I've been home from Arizona for several days, and things are starting to settle back into place. The laundry mountain has been turned into a small hill with each load, and I am beginning to believe that someday we will be caught up. I spent yesterday working nearly non-stop, allowing me to take a chunk out of my to-do list. After a few more days, I hope to be completely caught up on everything that was pushed to the side during the trip. (It's a good thing that we aren't going on a proper vacation this year, I don't think I could handle the work afterwards!)
I have accepted that one lingering effect of conference will remain long after the housework and reports are complete. In a hotel bursting with amputees, I was normal. Back in my hometown, I am again the oddity. It is taking me some time to readjust to the stares and second glances. I know that I will eventually acclimate to the attention my prosthesis garners, but it is going to take me a few more days.
Yesterday we went to the grocery store, where I was acutely aware of the not so concealed attention from the twenty-something in the yogurt aisle who proceeded to knock over a row of little cups in her attempt to act natural. Typically, watching her try to reassemble the yogurt display would have made me giggle, but yesterday I felt like crawling into a hole. I asked Scott if I was receiving more stares than normal, because it felt like I was walking around with purple horns plastered on my forehead, but he promised that the attention has not increased.
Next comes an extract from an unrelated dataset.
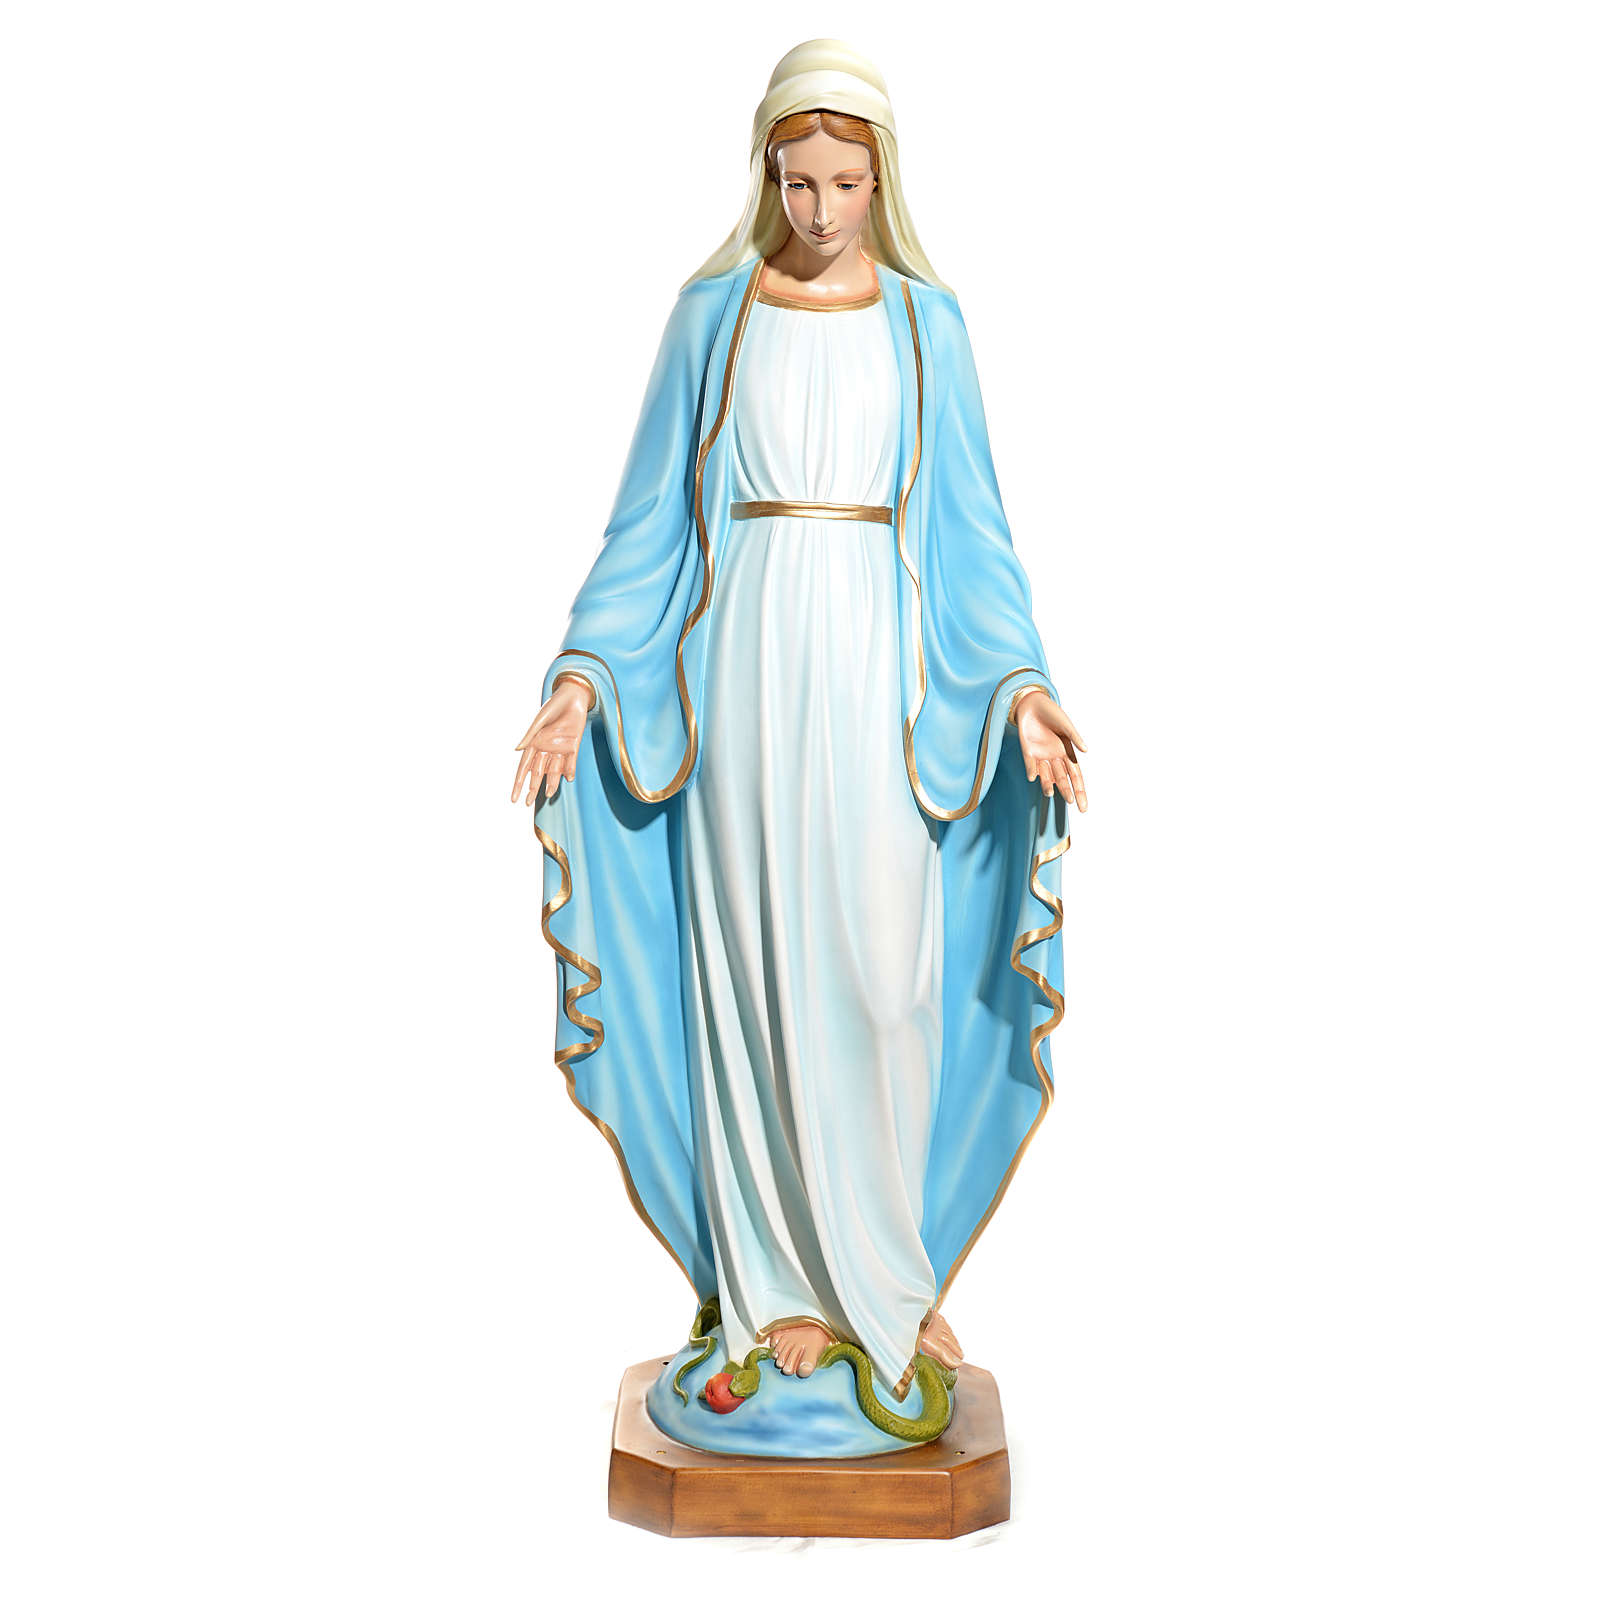 Immaculate Virgin Mary statue 145cm in fiberglass | online sales on

Obviously I can try to conceal my leg by wearing pants, but it is 95+ degrees out and I am not terribly keen on overheating and being uncomfortable. I will eventually adjust to the reactions my prosthesis receives, but it will probably take another few days. In the meantime, I'm going to hold my head high, but a big smile on my face and fake it. I'll pretend that I'm confident and comfortable, and eventually my feelings will follow suit. I continue to be amazed by the impact of a few short days of being in the majority.